→ SUPPLIED MATERIAL
<<<<
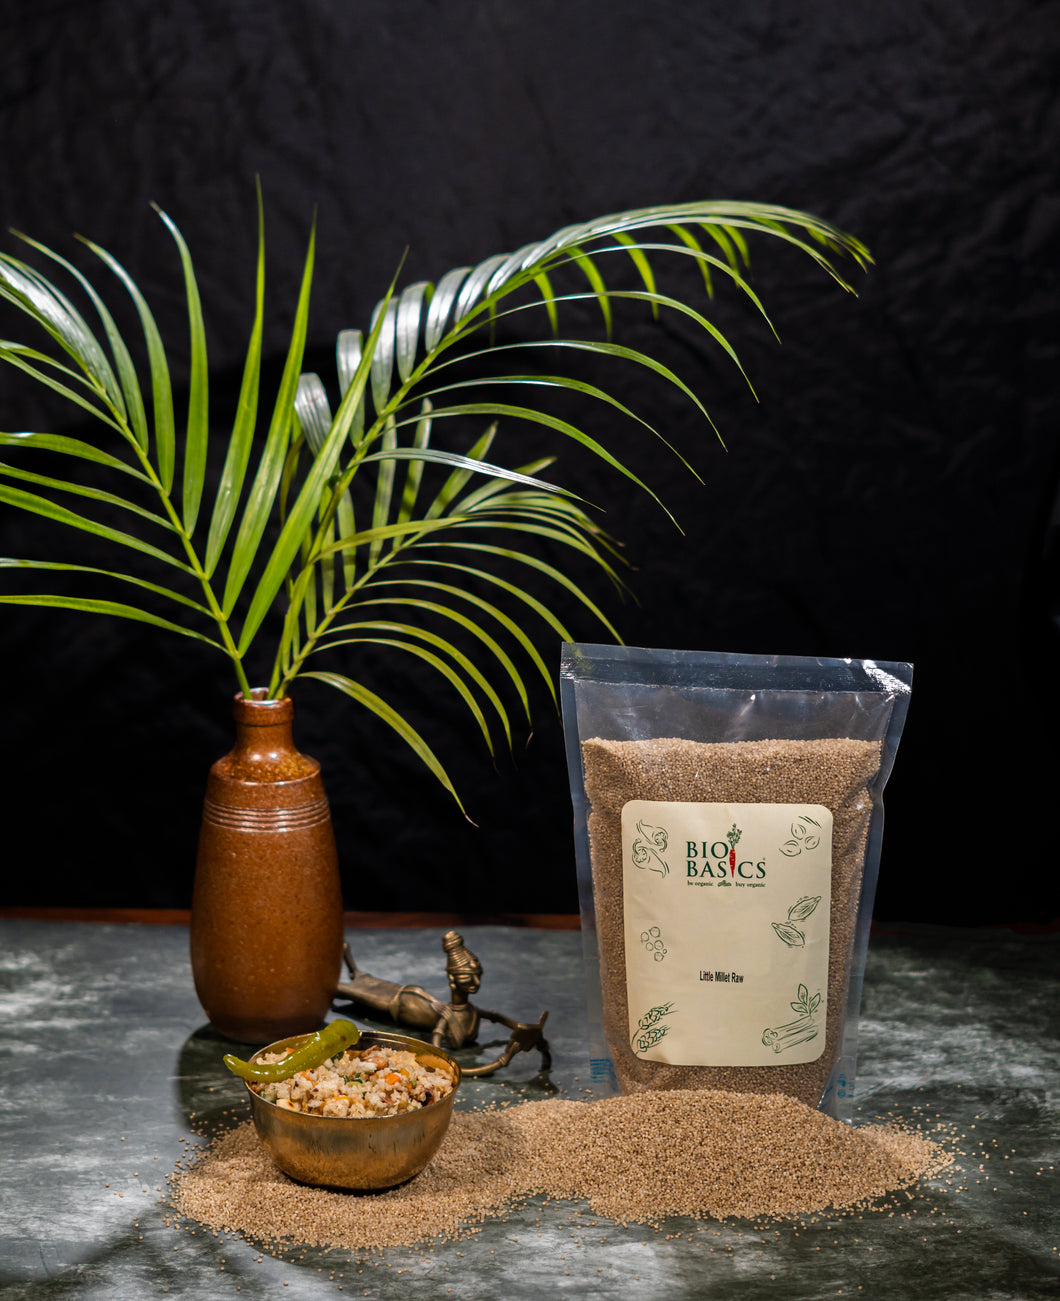 Buy organic little millet online at Bio Basics store
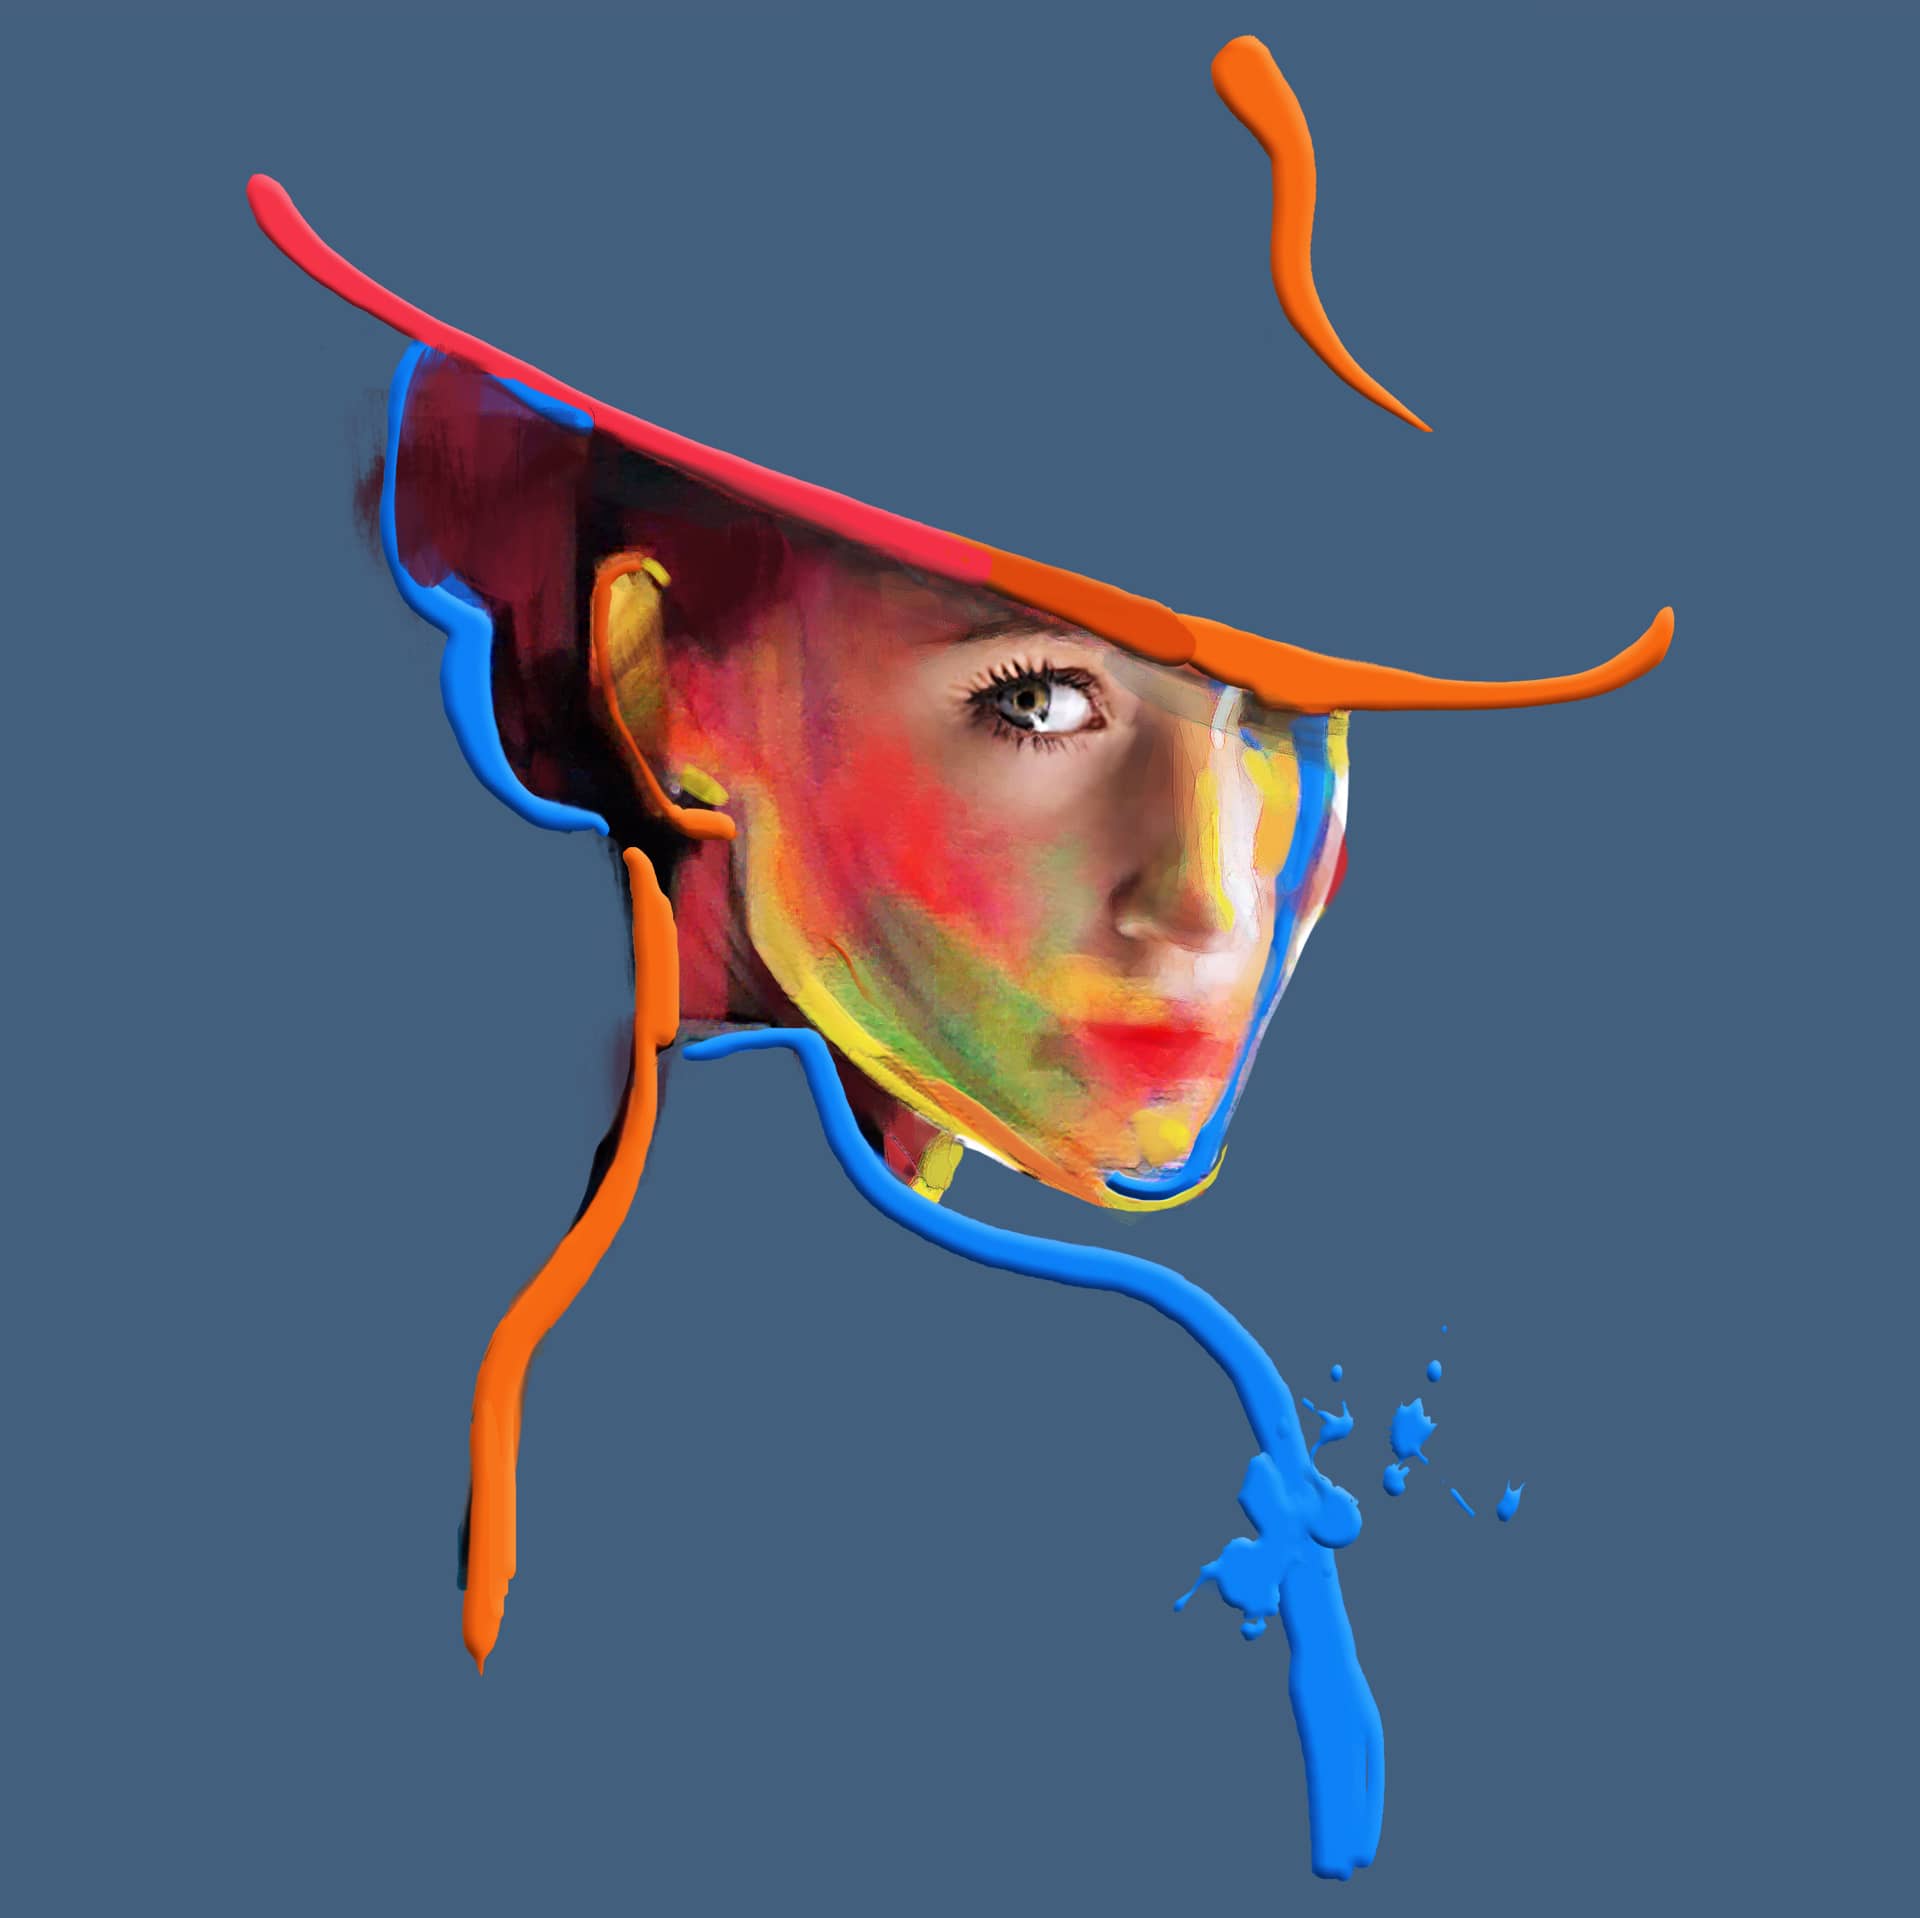 cover image for album "Colours" by Ksenia Parkhatskaya
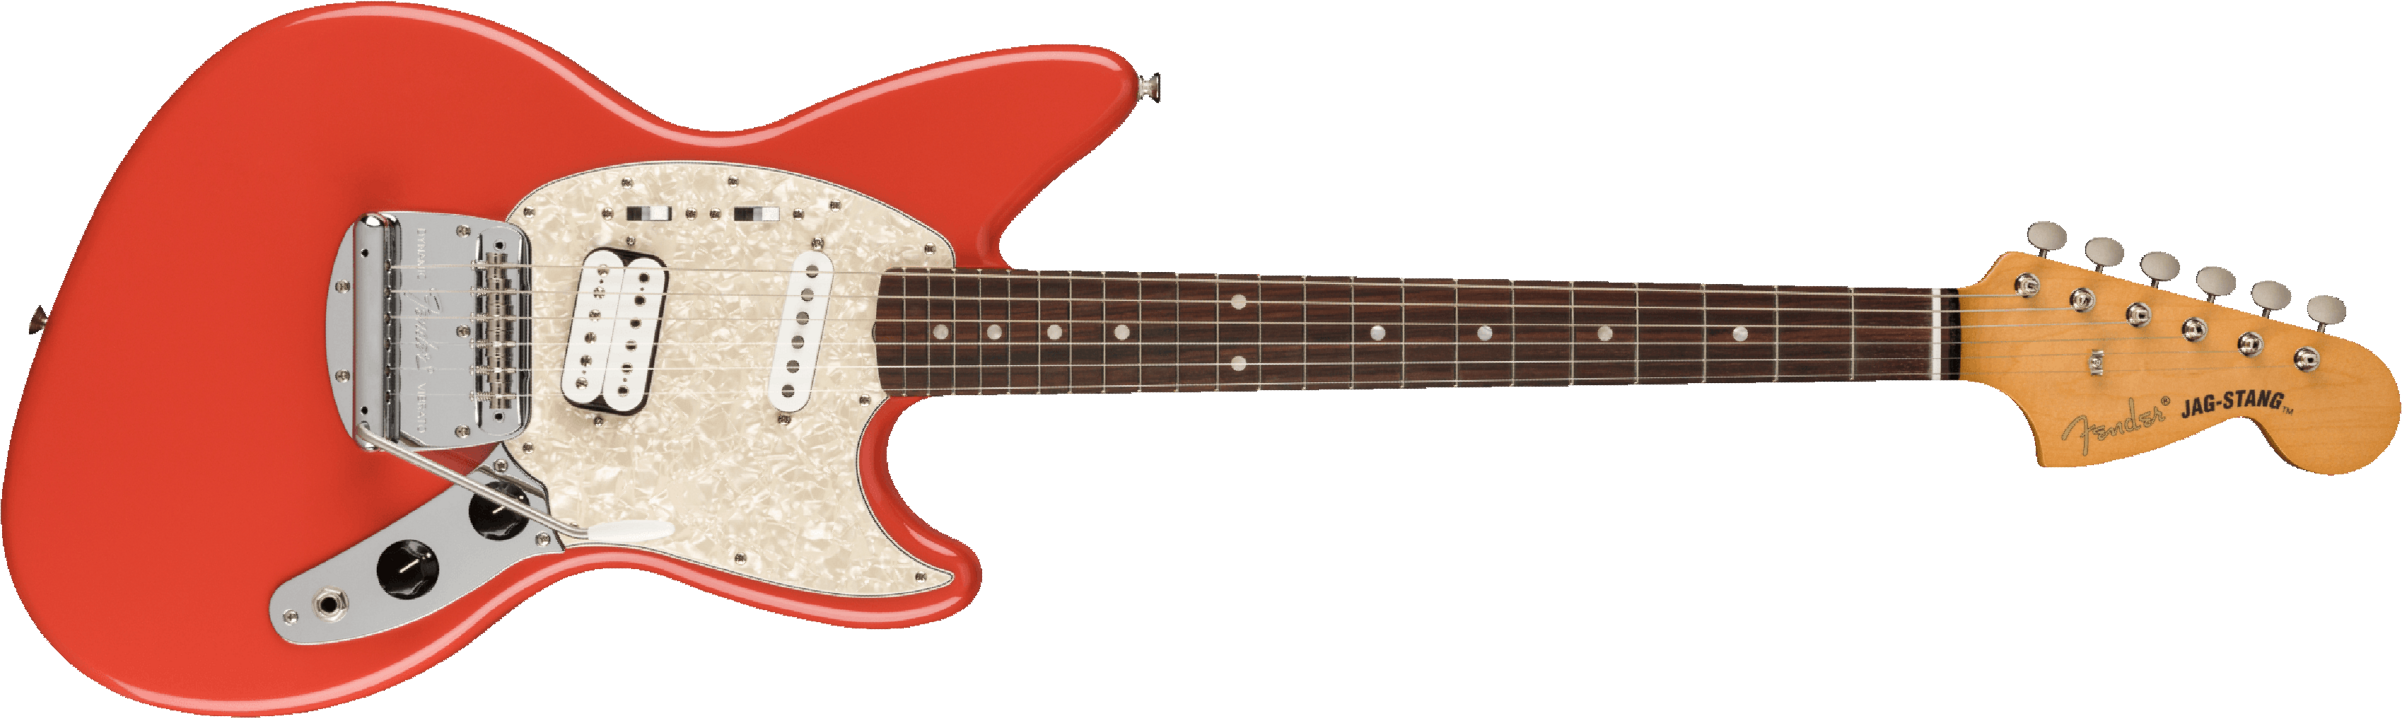 Fender Jag-stang Kurt Cobain Artist Hs Trem Rw - Fiesta Red - Retro rock electric guitar - Main picture
>>>>
→ ASSIGNED TASK
Leaving out the pictures, transcribe the material above exactly.

→ TASK RESPONSE
 Buy organic little millet online at Bio Basics store
 cover image for album "Colours" by Ksenia Parkhatskaya
 Fender Jag-stang Kurt Cobain Artist Hs Trem Rw - Fiesta Red - Retro rock electric guitar - Main picture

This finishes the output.